Last week I drove with my mom, brother and sister from Oklahoma to Manteca, California. My cousin Chad was killed in a trucking accident and we were going to attend his funeral. Mom, bro. and I traveled fours hours to Texas, where my sister joined us for the rest of the 27 hour trip. Yes, it was along ride. No, there isn’t much to see between here and there.
So, in the lulls of conversation, music and travel games there’s a lot of time to think. Thinking about quilts I’m making, a great t-shirt idea I have and thinking about how personal to get on this blog. I’m not much to air my laundry or tell you of my struggles. That’s just not me. Even people that have known me for years are surprised to find out about some of the things I deal with on a daily basis. But, I felt I couldn’t just post a project without addressing my cousin’s funeral. Honesty in blogging, right?
My cousin, Chad, was a year older than me. We both had the same red hair and freckles, and were about the same height. People often thought we were twins. We teased each other a lot: pinching, arm twisting, dunking in the pool, etc. We really spent a lot of time together as kids. He was on the side of the family that always got together for Thanksgiving and Christmas…that had to perform before we could get our Christmas presents, and that we saw at grandma’s house or came over to swim. When I graduated high school, he gave me a hair-dryer to take to college that looked like a pistol. I always thought of him and had a good chuckle as I held that gun to my head.
The funeral was a lovely service and at the point where they asked if anyone wanted to come up and say a few words it hit me. I hadn’t seen my cousin since about 1986. I realized then that I didn’t know him. I didn’t know the man he had become, I just new the teenage boy that used to strut around our pool. I was grateful for those who did comment, for I was able to see that he was a fun, caring, hard-working and very loved man. His family and friends will miss him, as will I. I’m grateful that we were both at least on Facebook and were able to communicate the last couple of years. I’m sad I don’t even have a picture of he and I together.

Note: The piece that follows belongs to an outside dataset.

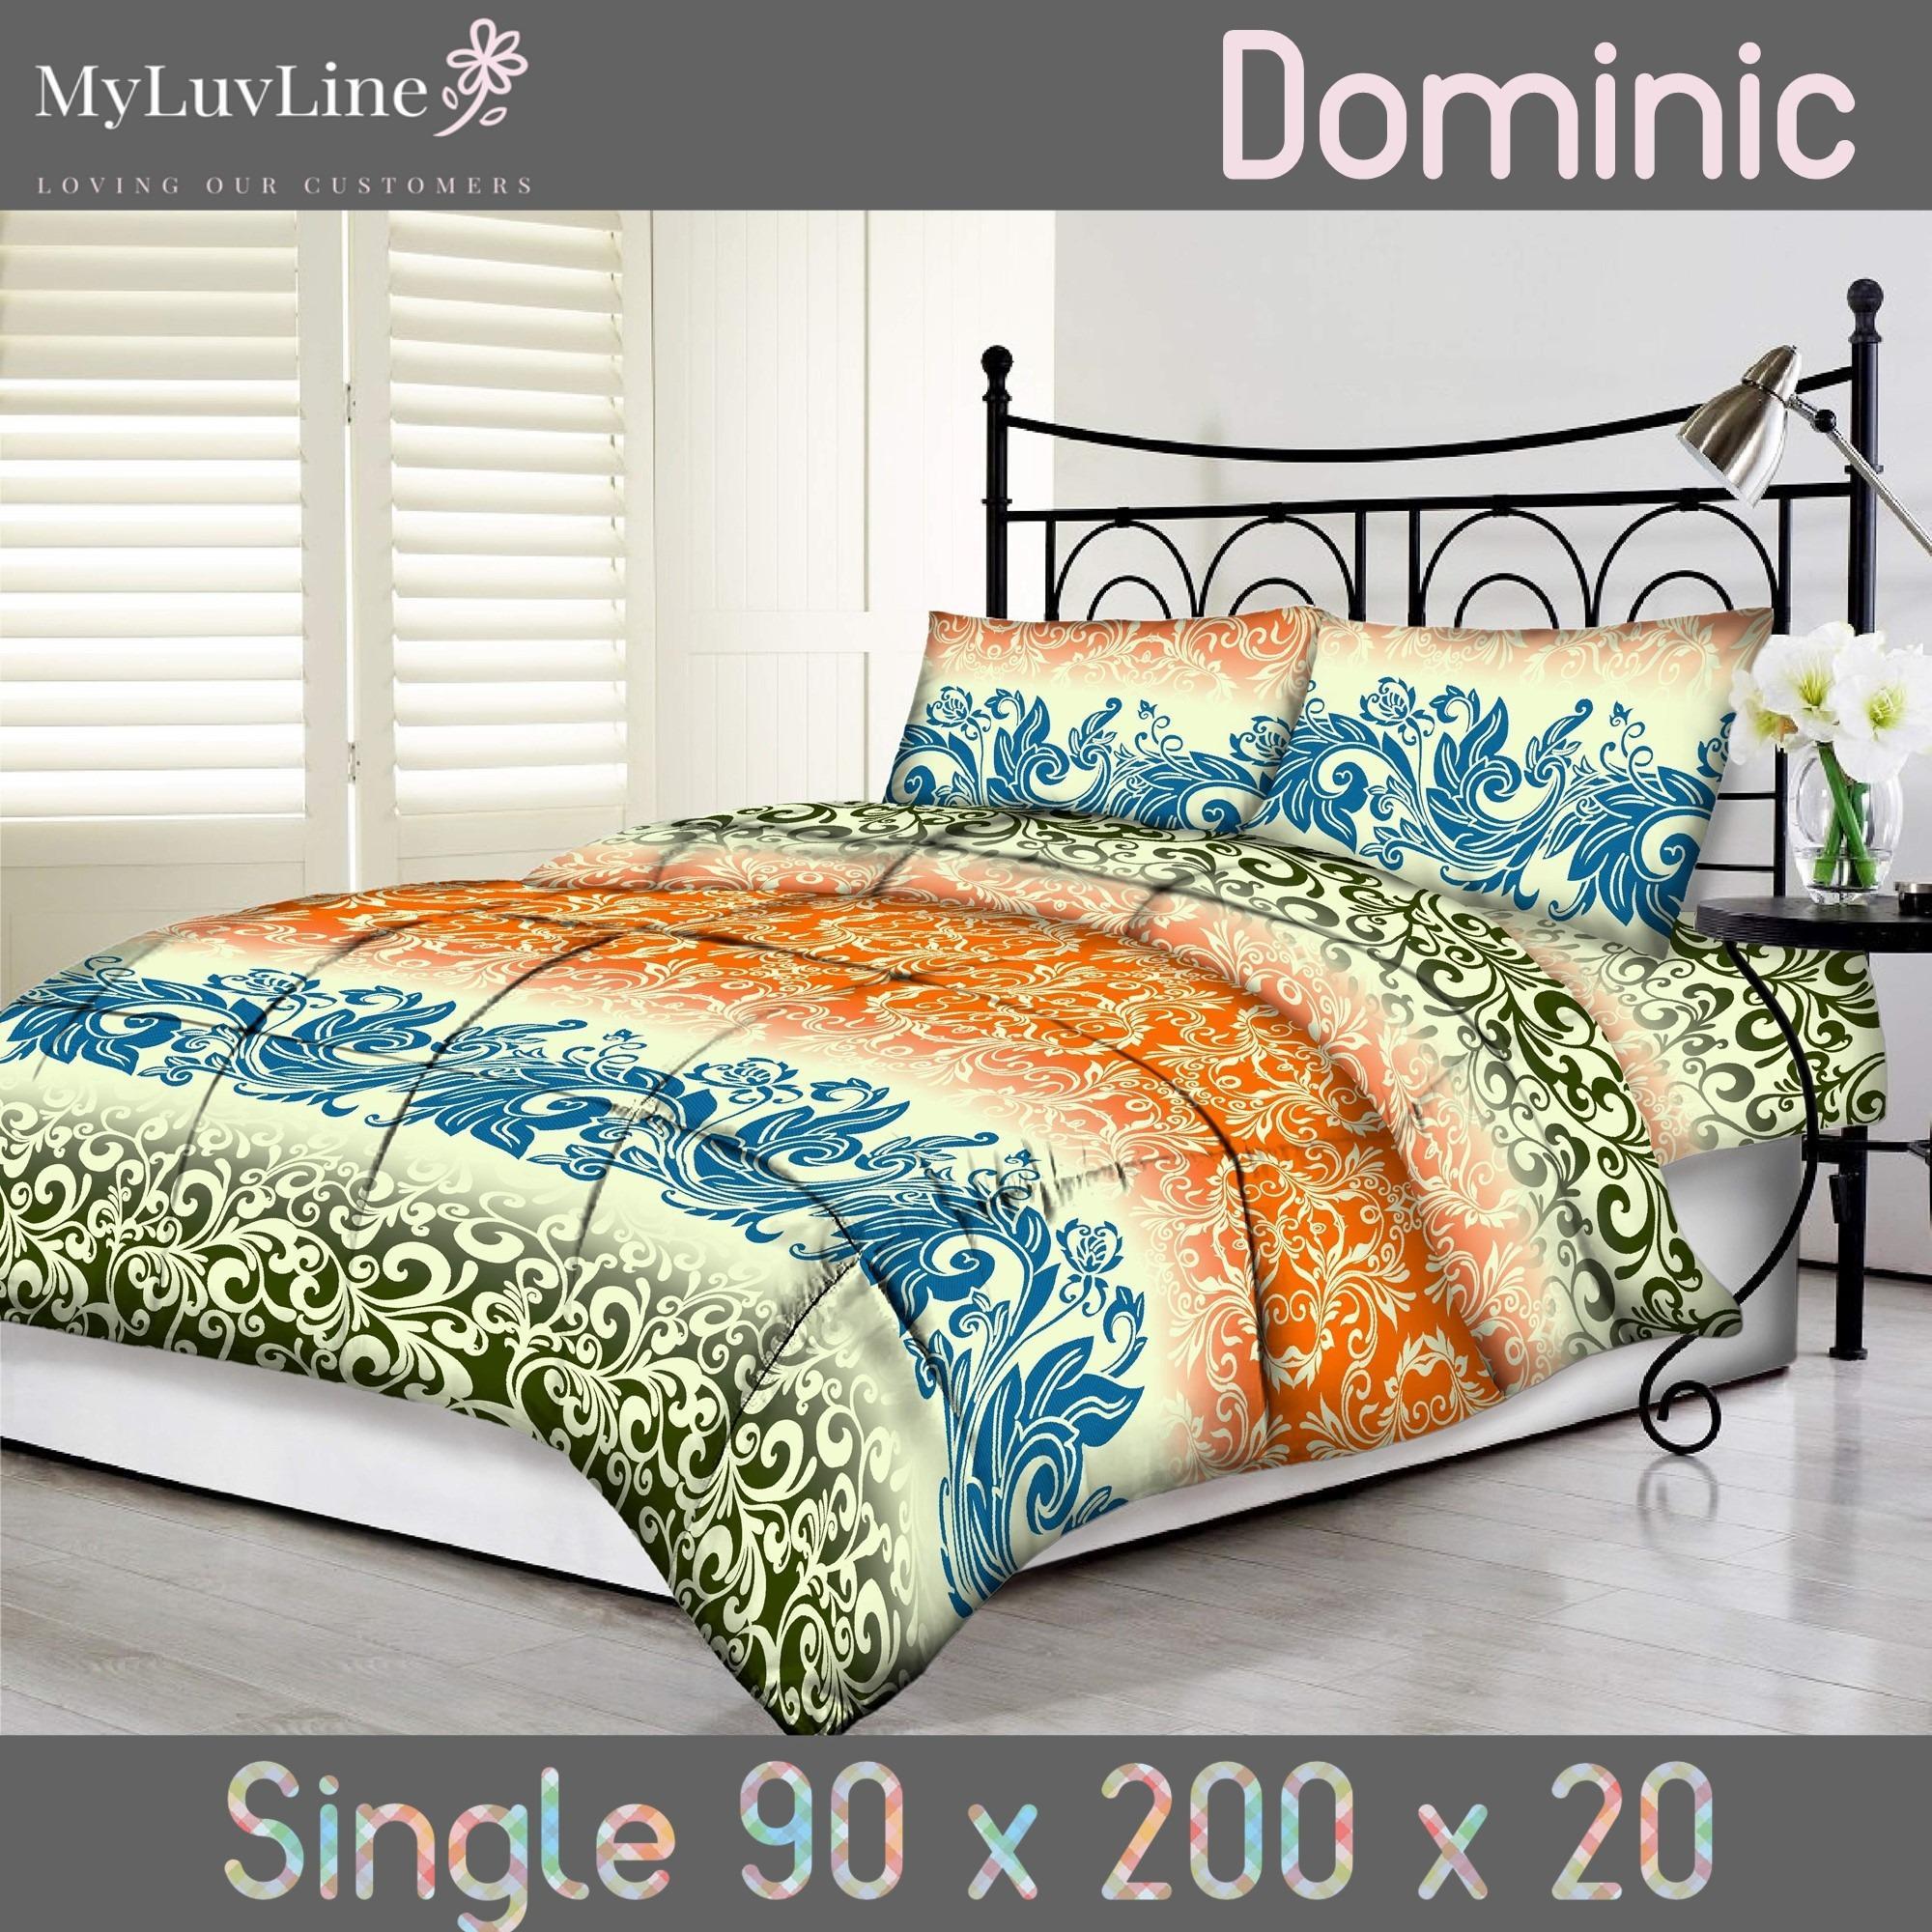 Beli Tommony Sprei Size 90 S D 180 Dominic Cicilan

So, here’s where I’m going with this. Seek out your family. Go for a visit, invite them to come to you, or plan a family reunion. It just takes someone willing to be in charge and get the ball rolling. As one of my cousins said, “We all say we’re too busy to get together for a reunion, but we seem to be able to drop everything for a funeral.” Families live apart from each other all around the world. Write them, call them, Facebook them. I’m so glad I was able to re-connect with my family. It’s just too bad that it took a death in the family to bring us all together.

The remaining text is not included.